Your instructions :: Where in the listing does the word "Stock" appear? Report each line that holds it.

Data for processing ::
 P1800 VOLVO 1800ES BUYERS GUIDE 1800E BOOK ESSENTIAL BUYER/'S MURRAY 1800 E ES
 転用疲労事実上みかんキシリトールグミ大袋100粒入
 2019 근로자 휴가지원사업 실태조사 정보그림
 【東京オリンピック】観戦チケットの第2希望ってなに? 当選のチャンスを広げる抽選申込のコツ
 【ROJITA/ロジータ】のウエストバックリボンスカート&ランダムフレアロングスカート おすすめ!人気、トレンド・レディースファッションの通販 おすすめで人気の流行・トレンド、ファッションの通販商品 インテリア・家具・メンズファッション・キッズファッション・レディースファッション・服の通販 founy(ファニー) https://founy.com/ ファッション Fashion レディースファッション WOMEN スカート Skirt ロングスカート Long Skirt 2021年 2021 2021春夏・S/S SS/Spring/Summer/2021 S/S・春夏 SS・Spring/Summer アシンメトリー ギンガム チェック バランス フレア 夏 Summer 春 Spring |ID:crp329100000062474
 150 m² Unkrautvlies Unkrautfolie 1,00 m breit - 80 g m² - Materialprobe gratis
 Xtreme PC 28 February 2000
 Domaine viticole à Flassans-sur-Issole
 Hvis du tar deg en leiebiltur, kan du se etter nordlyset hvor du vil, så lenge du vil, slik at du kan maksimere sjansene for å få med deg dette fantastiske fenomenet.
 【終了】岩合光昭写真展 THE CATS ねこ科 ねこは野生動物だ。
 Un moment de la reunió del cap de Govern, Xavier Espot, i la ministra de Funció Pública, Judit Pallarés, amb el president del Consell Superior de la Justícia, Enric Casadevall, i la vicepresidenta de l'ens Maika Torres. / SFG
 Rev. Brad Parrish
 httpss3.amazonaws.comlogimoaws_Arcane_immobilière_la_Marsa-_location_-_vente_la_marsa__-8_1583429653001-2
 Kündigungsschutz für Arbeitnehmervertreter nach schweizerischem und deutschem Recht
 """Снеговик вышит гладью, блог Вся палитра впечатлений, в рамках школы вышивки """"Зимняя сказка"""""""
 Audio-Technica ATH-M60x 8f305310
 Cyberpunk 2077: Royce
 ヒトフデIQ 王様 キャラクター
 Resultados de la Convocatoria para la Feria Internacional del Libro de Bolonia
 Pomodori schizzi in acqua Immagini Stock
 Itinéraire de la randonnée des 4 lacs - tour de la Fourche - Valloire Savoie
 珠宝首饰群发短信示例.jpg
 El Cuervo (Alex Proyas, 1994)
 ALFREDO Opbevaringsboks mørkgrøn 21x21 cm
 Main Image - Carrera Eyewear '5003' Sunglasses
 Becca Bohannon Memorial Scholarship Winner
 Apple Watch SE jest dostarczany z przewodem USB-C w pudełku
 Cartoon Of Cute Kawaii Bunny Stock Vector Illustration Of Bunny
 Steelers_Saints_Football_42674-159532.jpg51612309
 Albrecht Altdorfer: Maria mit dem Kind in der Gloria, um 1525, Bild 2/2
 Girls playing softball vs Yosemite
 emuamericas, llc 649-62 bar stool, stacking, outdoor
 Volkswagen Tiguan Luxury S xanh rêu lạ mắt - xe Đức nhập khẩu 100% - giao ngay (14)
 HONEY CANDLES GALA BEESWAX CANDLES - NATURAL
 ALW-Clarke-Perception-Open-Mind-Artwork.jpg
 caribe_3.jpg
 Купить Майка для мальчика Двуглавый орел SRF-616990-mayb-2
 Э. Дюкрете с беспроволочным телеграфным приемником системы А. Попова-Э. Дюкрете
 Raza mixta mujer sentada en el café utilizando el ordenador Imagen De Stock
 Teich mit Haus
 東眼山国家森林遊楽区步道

Completed task ::
 Pomodori schizzi in acqua Immagini Stock
 Cartoon Of Cute Kawaii Bunny Stock Vector Illustration Of Bunny
 Raza mixta mujer sentada en el café utilizando el ordenador Imagen De Stock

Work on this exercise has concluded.